Page MenuHomePhabricator

Unpack Turkish Analyzer and improve apostrophe handling
Closed, ResolvedPublic5 Estimated Story Points

Description

Unpack Turkish Elastic analyzer and implement apostrophe improvements in a plugin for simplicity, performance, and reusability by others.

The new plugin will need to be built and deployed, the config changes deployed, and the Turkish-language wikis reindexed.

Notes from https://phabricator.wikimedia.org/T325091#8619132

Found a problem with the apostrophe filter for Turkish, which is very aggressive and does bad things to French and Italian (which are common in names, sources, etc.). For example, d'Onofrio'nun, d'administration, d'administration'dan, and d'Arthur'unda all get indexed as plain d.

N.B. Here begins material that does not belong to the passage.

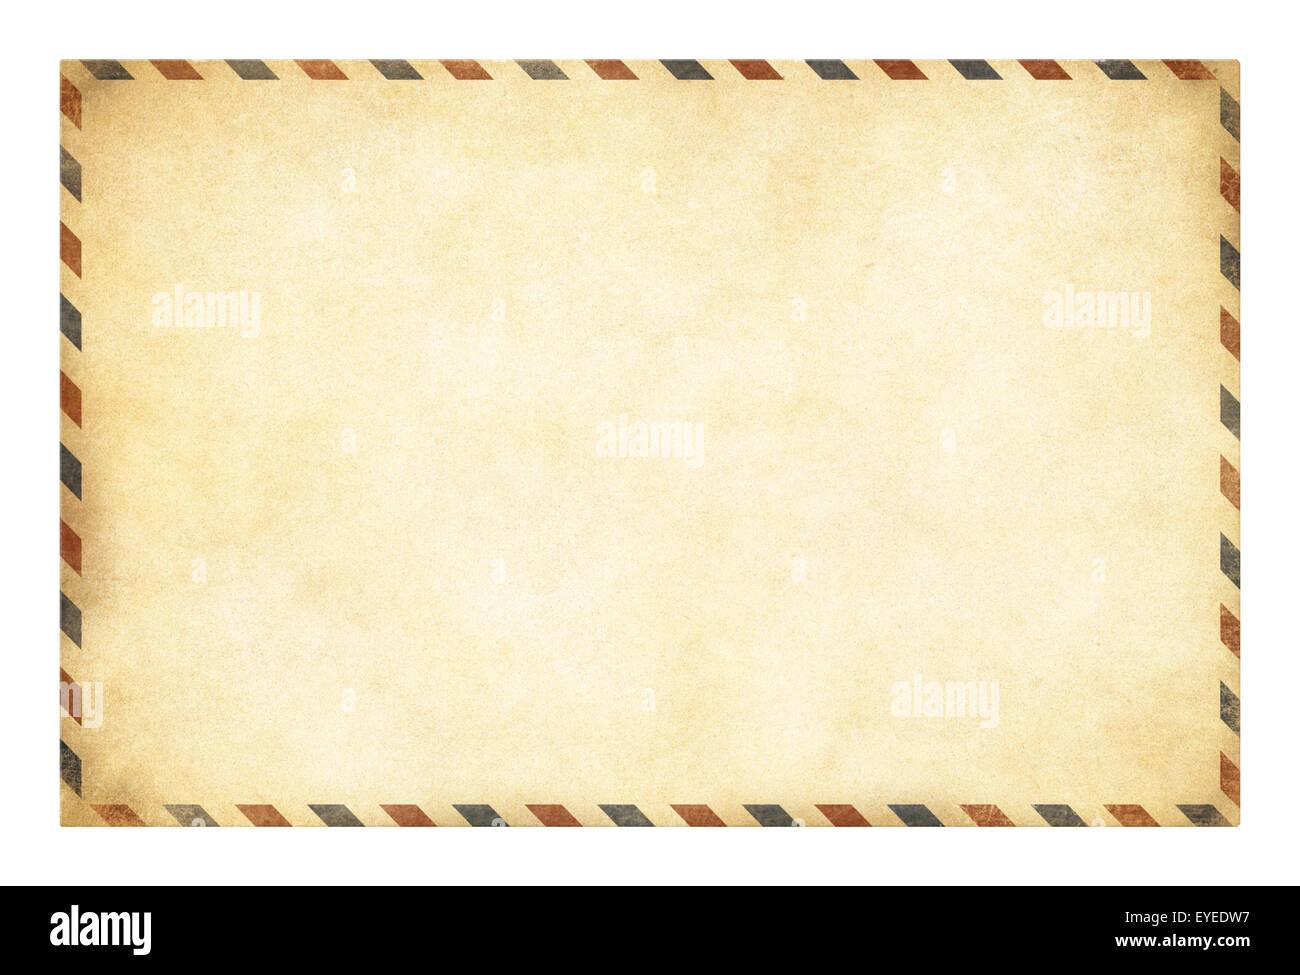 Fantastisch Alte Postkarte Vorlage Galerie - Entry Level Resume ...

Not optimal.

I've come up with a bunch of heuristics that improve the apostrophe processing. Implementing them as a collection of existing filters is a mess, so making a plugin seems like a good approach—it also makes the logic more easily reusable by others.

I'm going to spin off Turkish as its own ticket and finish up the other two first.

Event Timeline

TJones set the point value for this task to 5.

Change 898087 had a related patch set uploaded (by Tjones; author: Tjones):

[search/extra@master] Create better_apostrophe in extra-analysis-turkish⏎

https://gerrit.wikimedia.org/r/898087

Change 898087 merged by jenkins-bot:

[search/extra@master] Create better_apostrophe in extra-analysis-turkish

https://gerrit.wikimedia.org/r/898087

Change 901645 had a related patch set uploaded (by Tjones; author: Tjones):

[mediawiki/extensions/CirrusSearch@master] Unpack Turkish Analyzer, enable better_apostrophe

https://gerrit.wikimedia.org/r/901645

Full write up with lots more details on Mediawiki.

Highlights:

  • Turkish uses apostrophes for inflecting proper names (e.g., Türkiye'den) and the Elastic/Lucene token filter for it is not smart and does bad things to French words (d'immortalite), Irish names (O'Connell), and others. The new plugin/filter (change 898087 above) is much better.
  • Everything else was pretty much by the numbers.

Change 901645 merged by jenkins-bot:

[mediawiki/extensions/CirrusSearch@master] Unpack Turkish Analyzer, enable better_apostrophe

https://gerrit.wikimedia.org/r/901645